Some good history included.


http://dundalk.patch.com/articles/the-first-earth-day-recalling-wisconsin-senator-and-founder-gaylord-nelson

The First Earth Day: Recalling Wisconsin Senator and Founder Gaylord Nelson

Earth Day rallies helped lead to passage of the Clean Air, Clean Water and Endangered Species Acts.

By Ron Cassie | Email the author | 2:16am

Founded in 1970 as an environmental teach-in by a U.S. Senator from Wisconsin after the 1969 Santa Barbara oil spill, Earth Day rallies helped lead to passage of the Clean Air, Clean Water and Endangered Species Act. Courtesy image
Photos (1)



In 1969, two environmental crises—a massive oil tanker spill off the coast of Santa Barbara, and an oil, grease and garbage fire on the infamous Cuyahoga River, which shot flames into the air over Cleveland—became iconic images of ecological destruction.

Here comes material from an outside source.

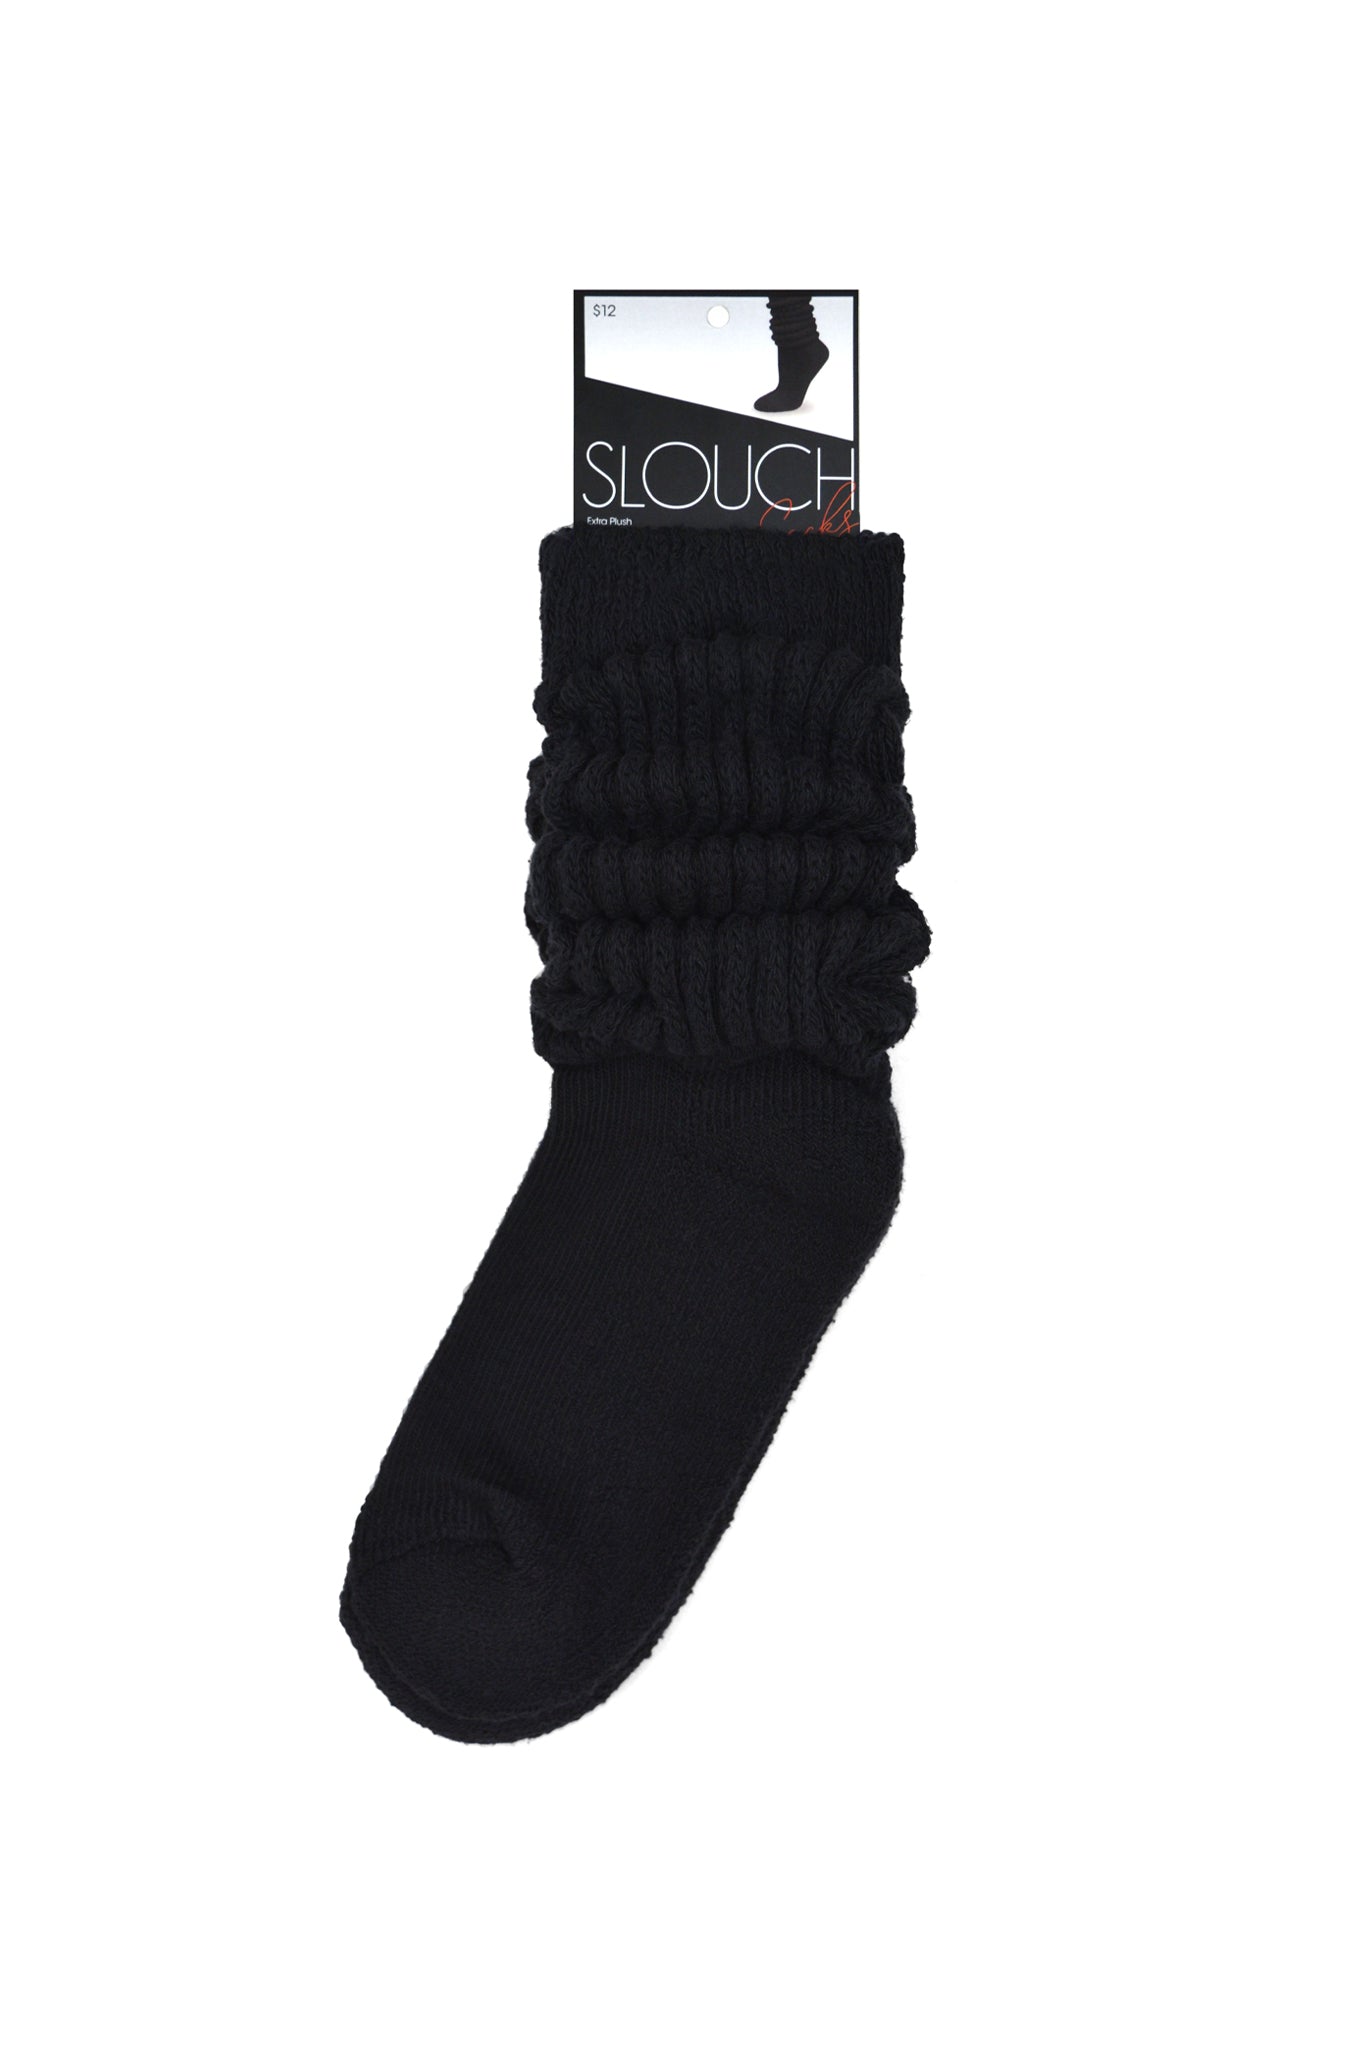 Plush Slouch Socks, Black

Other images, of urban smog, of a dead Lake Erie, of the pesticide DDT killing backyard birds, stuck in the public’s mind, as well as with a Wisconsin U.S. senator named Gaylord Nelson. The principal founder of Earth Day, Nelson launched the first Earth Day on April 22, 1970, attracting 20 million Americans to demonstrations, rallies, lectures and marches across the country.

By 1990, Earth Day had become a global phenomenon, mobilizing 200 million people in 140 countries.

In Beyond Earth Day, published in 2002, Nelson says he got the idea for Earth Day while on a conservation tour out west in the summer of 1969, when peace “teach-ins” against the Vietnam War were gaining popularity........................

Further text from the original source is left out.